Closed GoogleCodeExporter closed 9 years ago

GoogleCodeExporter commented 9 years ago
Would be nice/useful to add the following method to 
"com.google.common.base.Objects"?

/**
 * Helper to cast the given object to the given type.
 *
 * The cast is to an exact same type. Casting to super-types is not supported.
 *
 * @param targetType The type to cast to
 * @param object     The object which gets casted to the targetType
 * @return The given object casted to the given type or <code>null</code> if
 *         the given object is from another type.
 */
<T> T exactCast(Class<T> targetType, Object object)

My primary use-case to reduce the boilerplate code in equals() implementations:

/**
 * Version with exactCast()
 */
public boolean equals(Object o) {
    if (o == null) {
        return false;
    }
    if (MyClass.class != o.getClass()) {
        return false;
    }   

    return Objects.equal(this.fieldOne, other.fieldOne)
        && Objects.equal(this.fieldTwo, other.fieldTwo);
}

/**
 * Version with exactCast()
 */
public boolean equals(Object o) {
    MyClass other = exactCast(MyClass.class, o);    

    return other != null
        && Objects.equal(this.fieldOne, other.fieldOne)
        && Objects.equal(this.fieldTwo, other.fieldTwo);
}

Not supporting super-types is because it's hard (impossible?) to do in GWT and 
the primary use-case for me is casting to the exact class.

If you find the feature useful I'd love to contribute the code for it.

Original issue reported on code.google.com by j...@barop.de on 7 Aug 2013 at 3:32

GoogleCodeExporter commented 9 years ago
it might make sense to return Optional<T> instead

Original comment by SeanPFl...@googlemail.com on 8 Aug 2013 at 3:19

GoogleCodeExporter commented 9 years ago
[deleted comment]
GoogleCodeExporter commented 9 years ago
FYI, checking that "MyClass.class != o.getClass()" rather than "!(o instanceof 
MyClass)" is bad practice for equals, because it means that 
myClass.equals(mySubclass) == false while mySubclass.equals(myClass) == true, 
which breaks the equals() contract.

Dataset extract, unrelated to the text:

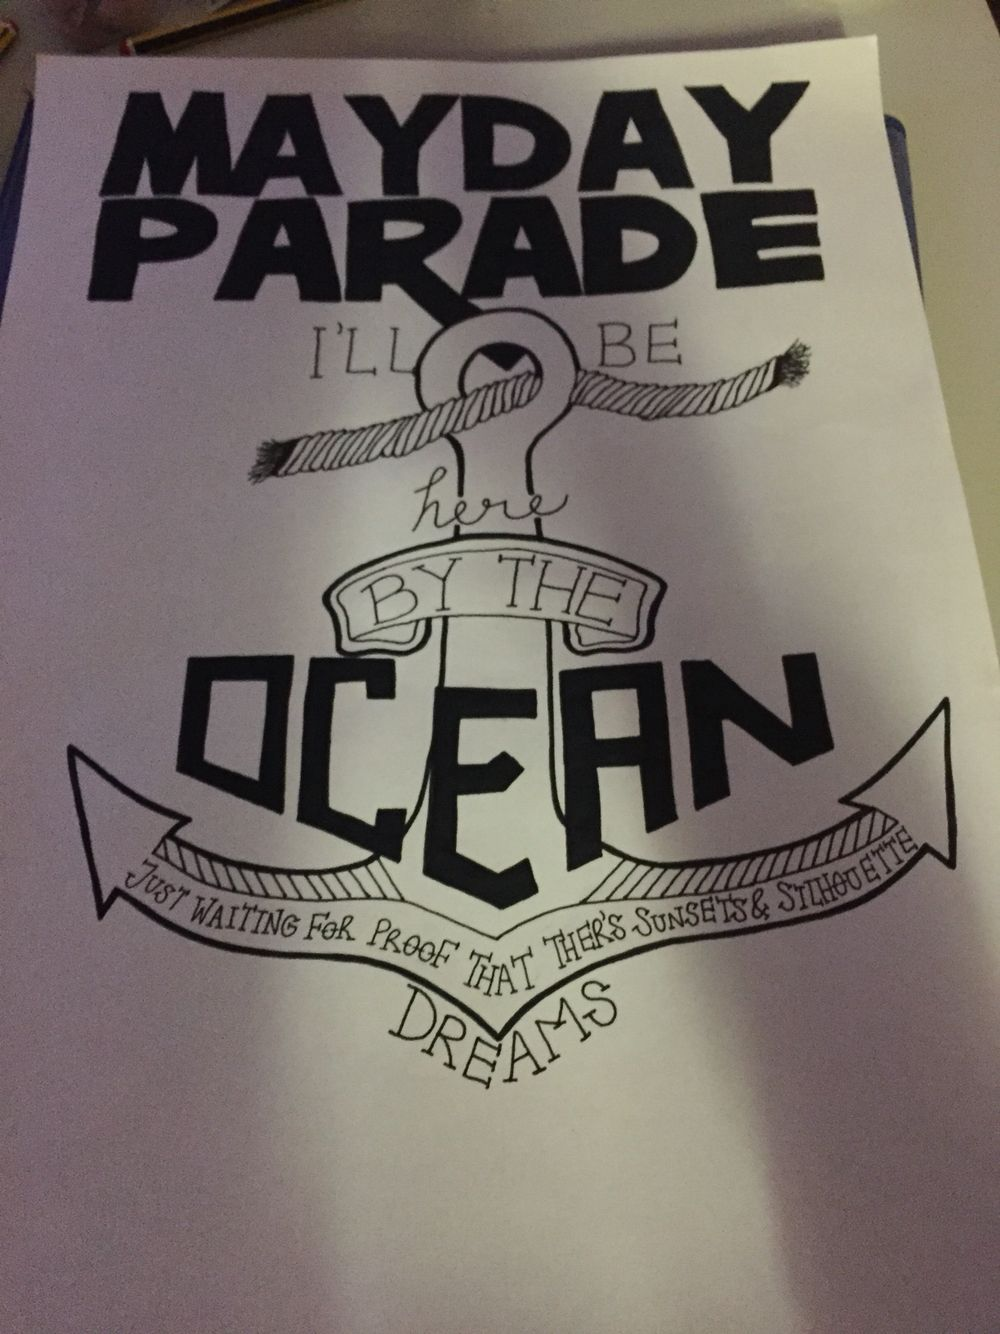 Mayday parade lyrics  By Charley cumberledge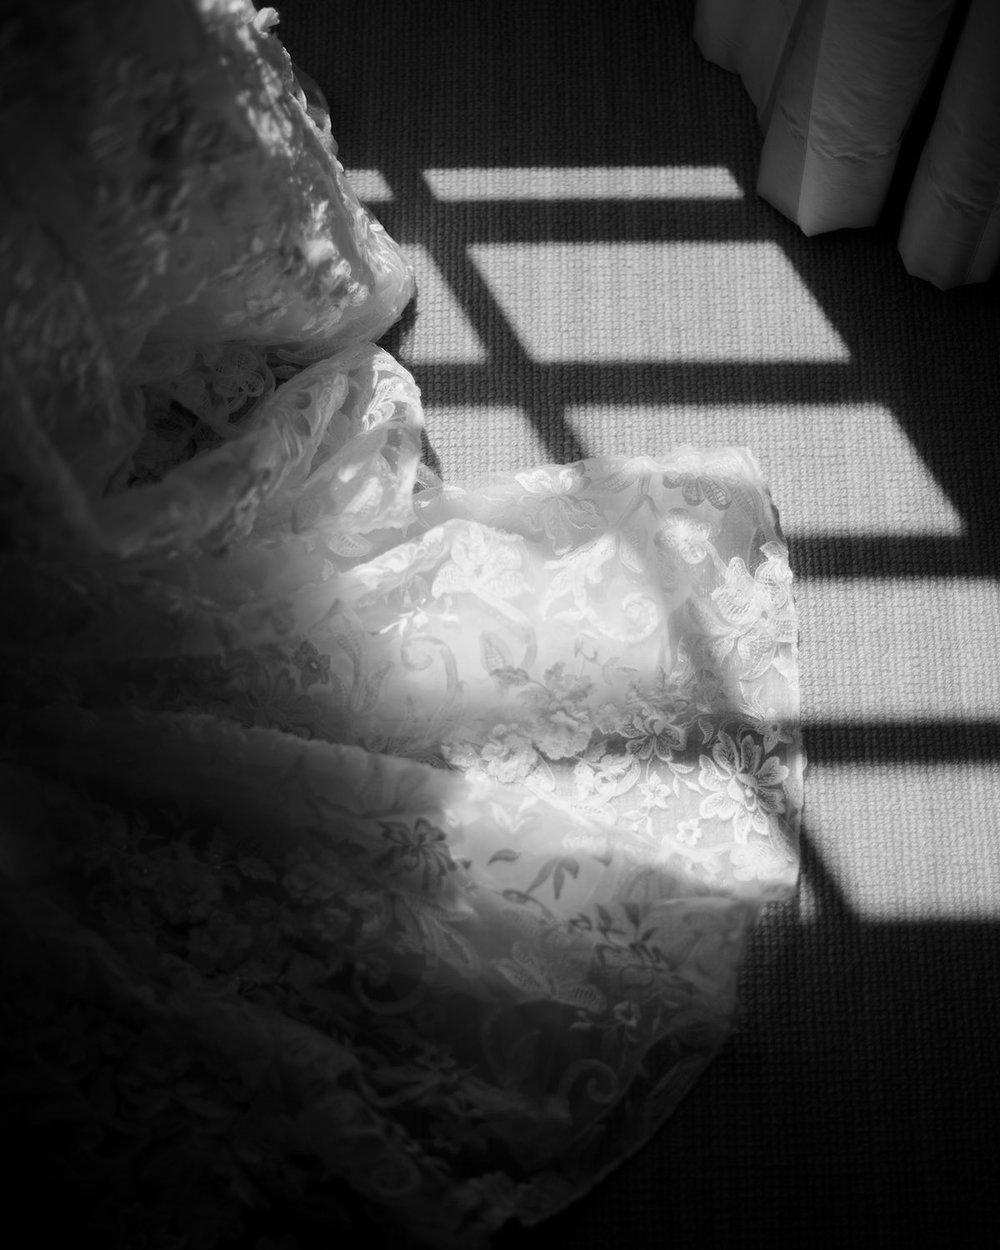 napa-wedding-michal-pfeil-09.jpg

For that matter, 
mySubclass.equals(mySubclass) == false unless you override equals() in the 
subclass, and again, that tends to break the equals contract.

In general, the best way to deal with ensuring the object passed to equals is 
both non-null and an instance of the correct type is just:

if (o instanceof MyClass) {
  MyClass other = (MyClass) o;
  // check stuff
}

Original comment by cgdecker@google.com on 8 Aug 2013 at 3:40

GoogleCodeExporter commented 9 years ago
Thanks for your reply!

Checking for a `class` constant is indeed a bad idea because it causes touble 
in subclasses. But isn't the `instanceof` approach suffering from the same 
problem when `equals()` get's overridden?

Example:
static class A {
  @Override
  public boolean equals(Object obj) {
    return obj instanceof A;
  }
}
static class B extends A {
  @Override
  public boolean equals(Object obj) {
    return obj instanceof B;
  }
}

a.equals(b) => true
b.equals(a) => false

What about not checking for a `class` constant but for `this.getClass()`. This 
would guarantee symmetry with subclasses.

new proposal:
<T> T sameTypeOrNull(T object, Object other)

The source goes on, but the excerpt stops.